During the COVID-19 recession annual numbers of domestic completions will remain high. But it will not be a growth phase. Due to a slowdown in commencements since 2015 and double counting of individuals there are fewer new graduates than expected. That is one small piece of good news for graduate employment rates.
Another factor to consider is the effect of migration on graduate labour markets. According to ABS Education and Work survey data a third of all graduates aged 20-29 years in 2019 were migrants, defined as someone with a degree from an overseas university or a non-citizen with an Australian degree. The migrant share drops to 22 per cent if student visa holders who cannot work full-time are excluded, but this still leaves an increase of about 50,000 people between 2013 and 2019.
One driver of migration has been international students who can stay for at least two years after finishing their degree. Increasing numbers have been granted graduate visas in recent years, although their employment outcomes are often disappointing. Perhaps they will be less inclined to stay in a recession labour market.
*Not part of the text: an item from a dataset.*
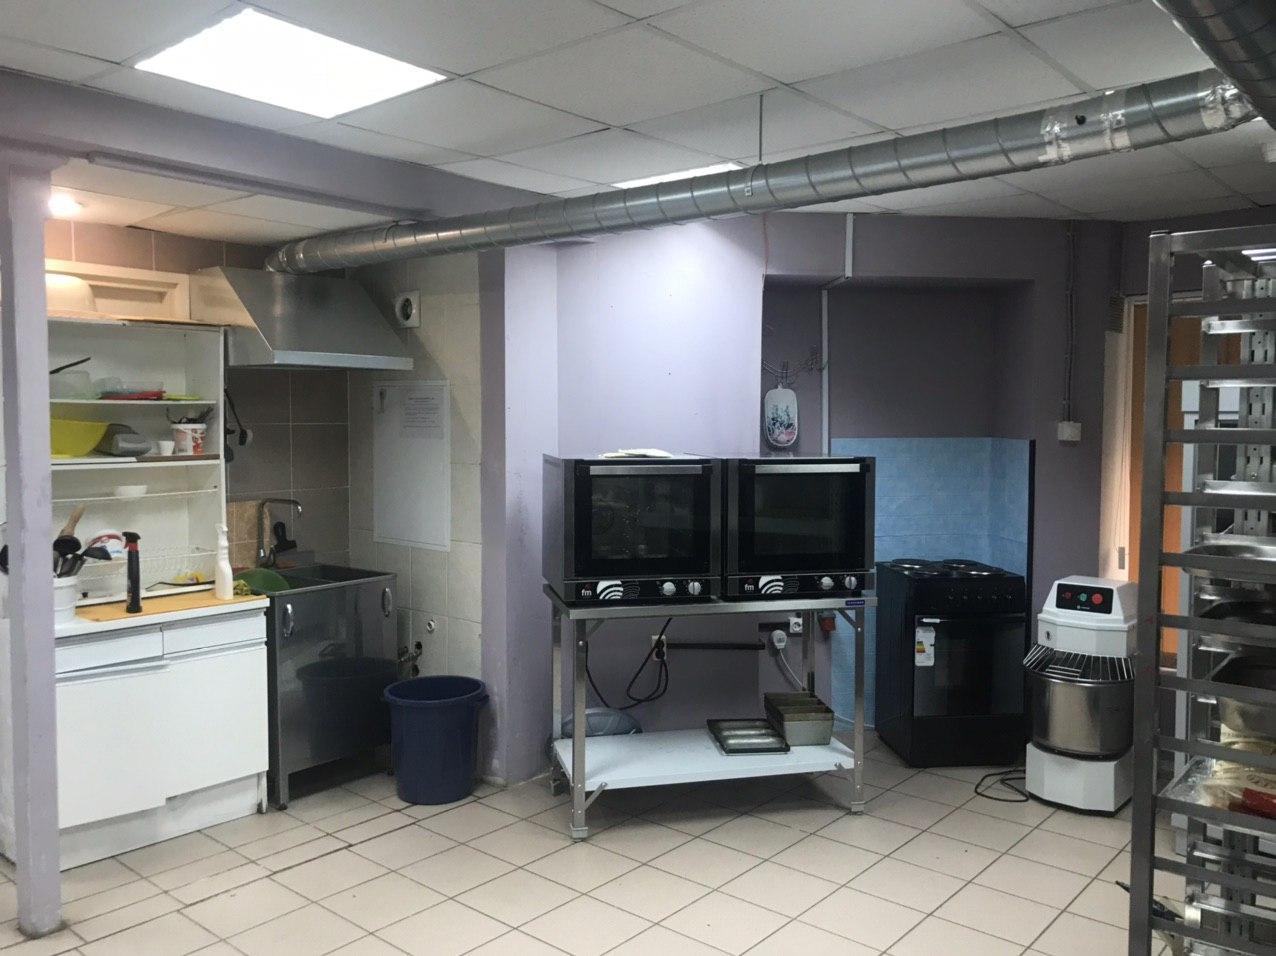 Кафе/Пекарня/Кондитерская/Шаверма/Бургерная

On the other hand, with restricted international travel they may not be able to leave for a while.
But travel bans and a weak labour market will block or deter other degree-qualified migrants. Skilled migration dipped during the global financial crisis. Overall I expect that there will be fewer young migrants in the Australian labour market as a result of COVID-19, but given travel problems and the pipeline of current international students it might take a while for the numbers to drop.
No employment versus no full-time employment
Another negative aspect of the COVID-19 recession is worth noting. The rise between 2008 and 2015 of graduates seeking full-time employment but not finding it (several charts back) was made up of an unemployment increase of 6 percentage points and a working-part-time-but-looking-for-full-time increase of 10 percentage points.
Unfortunately in a survey switch from 2016 this latter number is no longer reported. But the historical numbers suggest that the effects of bad graduate labour markets have been ameliorated in the past by graduates holding on to their student jobs. These jobs are strongly skewed to the occupations most affected by COVID-19 shutdowns. As a result, their employment situation will be worse than the published aggregate numbers will suggest, as they will be unemployed rather than under-employed.
As suggested in a previous blog post, the number of postgraduate coursework students may increase as they sit out the recession. Policy does not limit student numbers. This won’t affect the reality that these students would rather work, but it would reduce how many graduates look for full-time work, and therefore the official un- or under-employment rate.
Despite the absence of two factors that exacerbated previous downturns, growing numbers of new degree completions and caps on postgraduate numbers, the overall COVID-19 graduate employment situation is dire. The previous record of un- and under-employment in 2014, of 32 per cent of graduates looking for full-time work being unable to find it, is likely to be exceeded by a large margin.
One thought on “Graduate employment prospects during the COVID-19 recession”
Thanx for this most useful analysis.
Human capital theory was never a good explanation of the modern demand for higher education (Trow, 1973: 40), and universities should have dropped that from their rhetoric long ago.
Trow, M. (1973). Problems in the transition from elite to mass higher education. Berkeley: Carnegie Commission on Higher Education.